Weaponization of Net Support RAT: Tactics, Techniques, and Procedures

NetSupport RAT, derived from the legitimate remote access tool NetSupport Manager, has become a prominent Remote Access Trojan (RAT) exploited by cybercriminals. This malware enables attackers to gain unauthorized control over infected systems, often using social engineering tactics to lure victims into downloading the malicious software.

NetSupport Manager began as genuine software 30 years ago for remote technical support use. The tool allowed file transfers, support chat, inventory management, and remote access. While it is legitimate software, threat actors have been using it in recent years as a Remote Access Trojan (RAT) – most notably spread in 2020 via a massive Covid-19 phishing campaign. The delivery mechanisms for the NetSupport RAT encompass fraudulent updates, drive-by downloads, utilization of malware loaders (such as GhostPulse), and various forms of phishing campaigns.

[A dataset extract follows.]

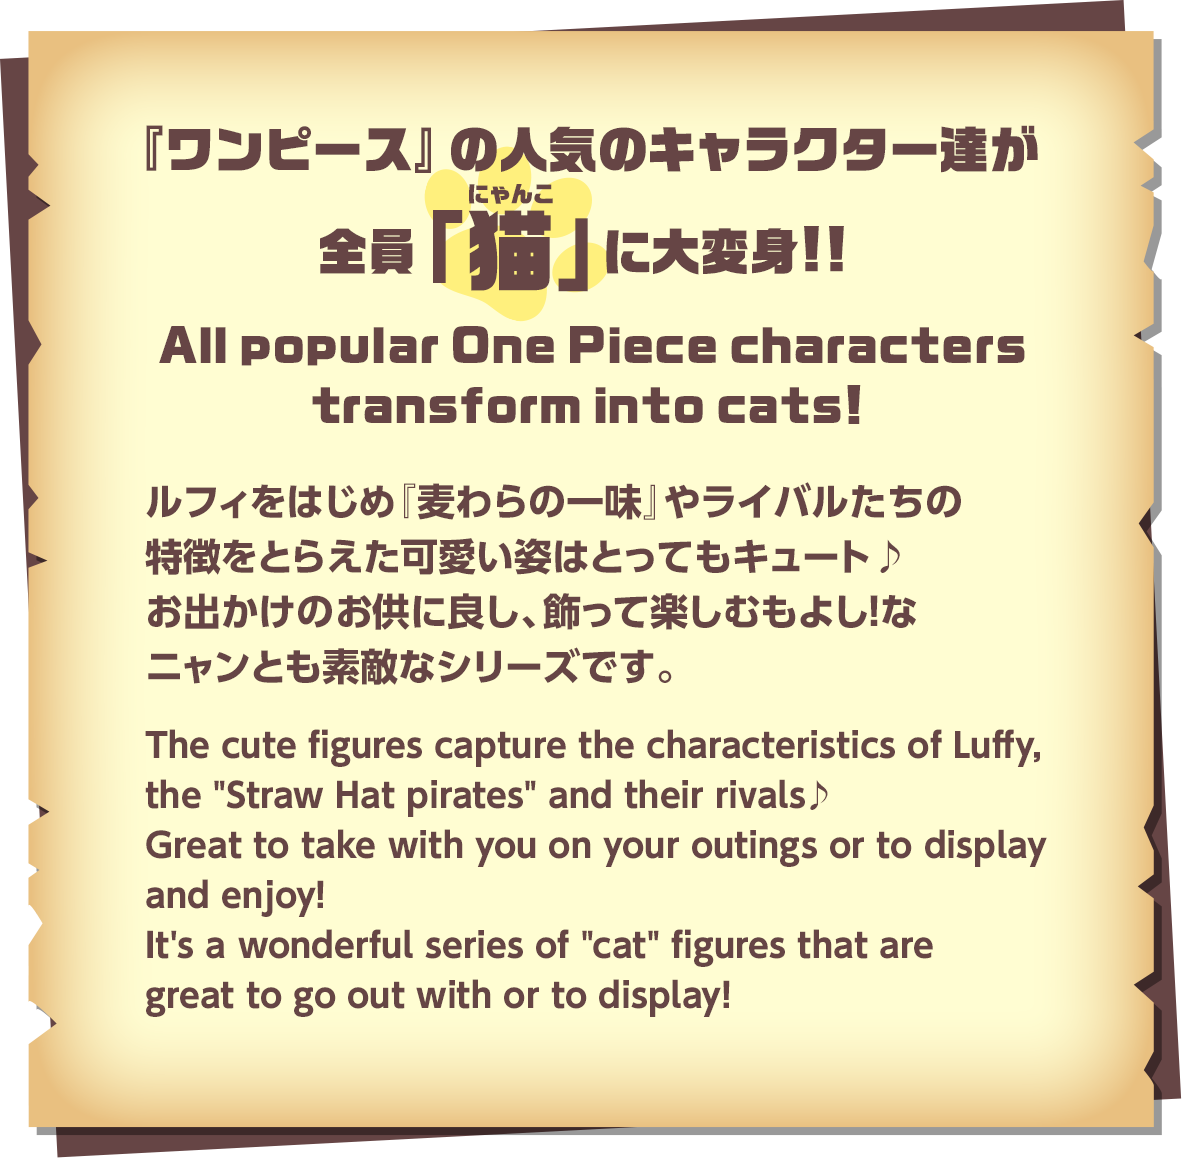 『ワンピース』の人気のキャラクター達が全員「猫」(にゃんこ)に大変身!!ルフィをはじめ『麦わらの一味』やライバルたちの特徴をとらえた可愛い姿はとってもキュート♪お出かけのお供に良し、飾って楽しむもよし！なニャンとも素敵なシリーズです。／All popular One Piece characters transform into cats!The cute figures capture the characteristics of Luffy, the 'Straw Hat pirates' and their rivals♪ Great to take with you on your outings or to display and enjoy! It's a wonderful series of 'cat' figures that are great to go out with or to display!

Overview of NetSupport RAT

Legitimate Origins: NetSupport Manager was developed for remote technical support, allowing IT professionals to manage systems remotely. However, its capabilities have been repurposed by threat actors for malicious activities since at least 2016. The software provides extensive control over target devices, including real-time screen monitoring, data exfiltration, and the ability to execute additional payloads.

Recent Campaigns: Recent reports indicate a surge in NetSupport RAT infections, particularly targeting sectors like education, government, and business services. Attackers have employed various methods to distribute the RAT, including fake browser updates and phishing campaigns. For instance, a recent campaign used a Pokémon-themed lure to entice users into downloading the trojanized client.

Infection Mechanisms

NetSupport RAT is typically delivered through:

1. Fake Software Updates: Victims are tricked into downloading the RAT via deceptive browser update prompts on compromised websites.

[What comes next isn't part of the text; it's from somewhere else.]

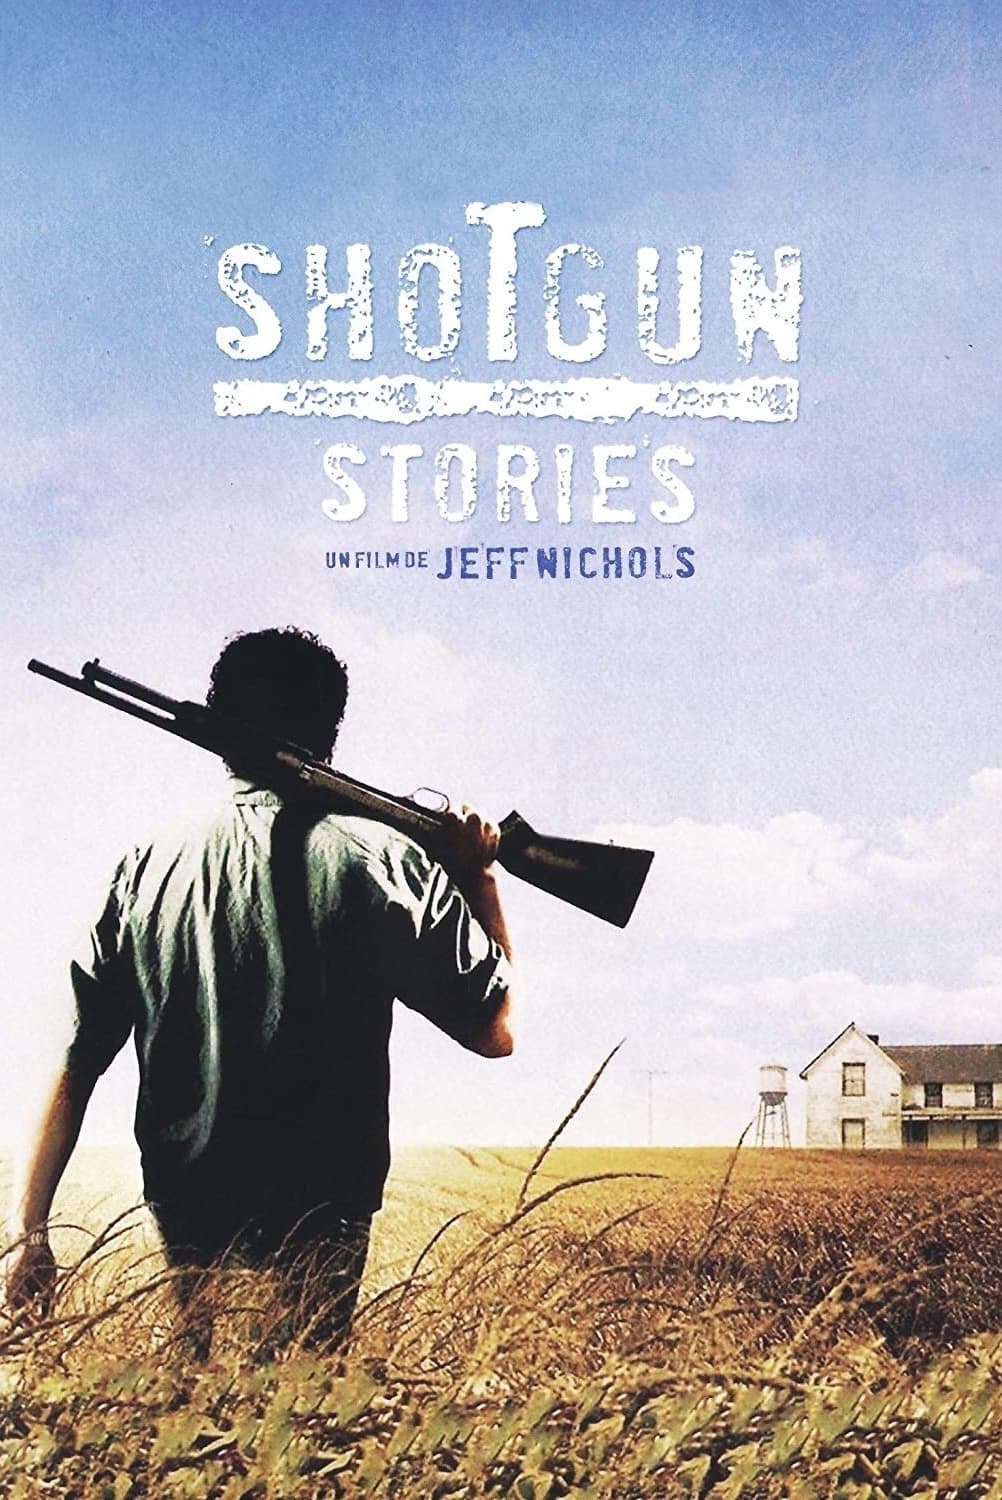 Shotgun Stories est-il disponible sur Netflix ou autre ?

2. Phishing Emails: Attackers have utilized phishing emails disguised as legitimate communications (e.g., package shipment notifications) to deliver the malware.

3. Malicious Websites: Some campaigns host fake games or services that require users to download the RAT under the guise of legitimate software.

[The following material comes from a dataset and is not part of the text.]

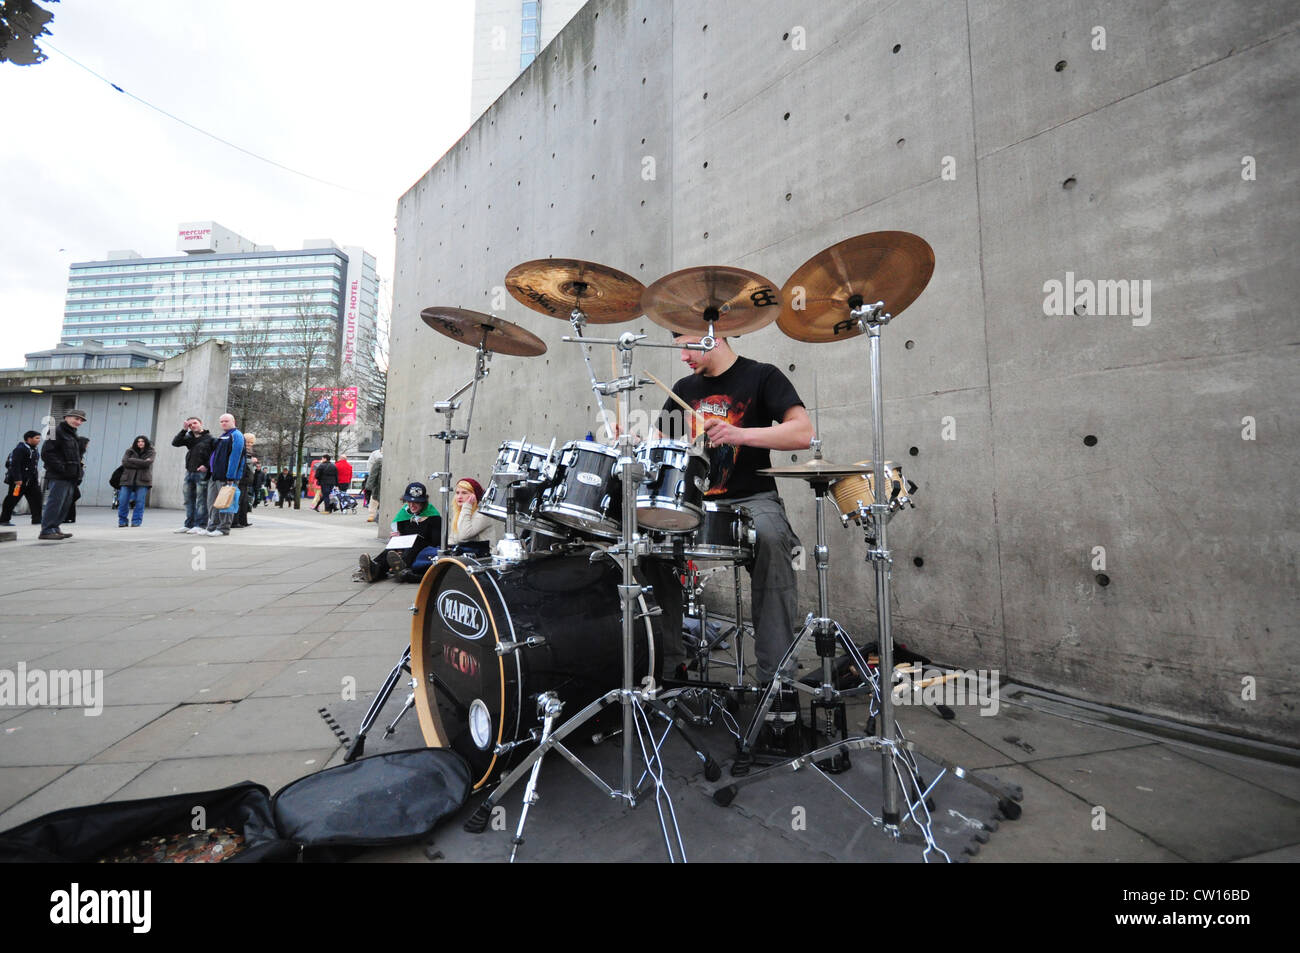 Straßenmusik Schlagzeuger in manchester Stockfotografie - Alamy

Once installed, the RAT can establish persistence on the infected system by modifying registry entries and creating start-up shortcuts, ensuring it runs automatically upon system boot.

Detection and Defense

Security measures against NetSupport RAT include:

1. Behavioral Analysis: Tools like Carbon Black utilize behavioral detection techniques to identify suspicious activities associated with the RAT.

2. Threat Intelligence Integration: Security solutions incorporate threat intelligence feeds to recognize known indicators of compromise (IOCs) related to NetSupport RAT.

3. Real-time Monitoring: Continuous monitoring allows for immediate response to detected threats, minimizing potential damage from infections.

   
   

Conclusion

The misuse of NetSupport Manager as a Remote Access Trojan highlights the ongoing challenge of securing legitimate software against exploitation by malicious actors. Organizations must remain vigilant through robust security practices and user education to mitigate the risks associated with such threats. The persistence of NetSupport RAT in cybercriminal campaigns underscores the need for continuous adaptation in cybersecurity strategies.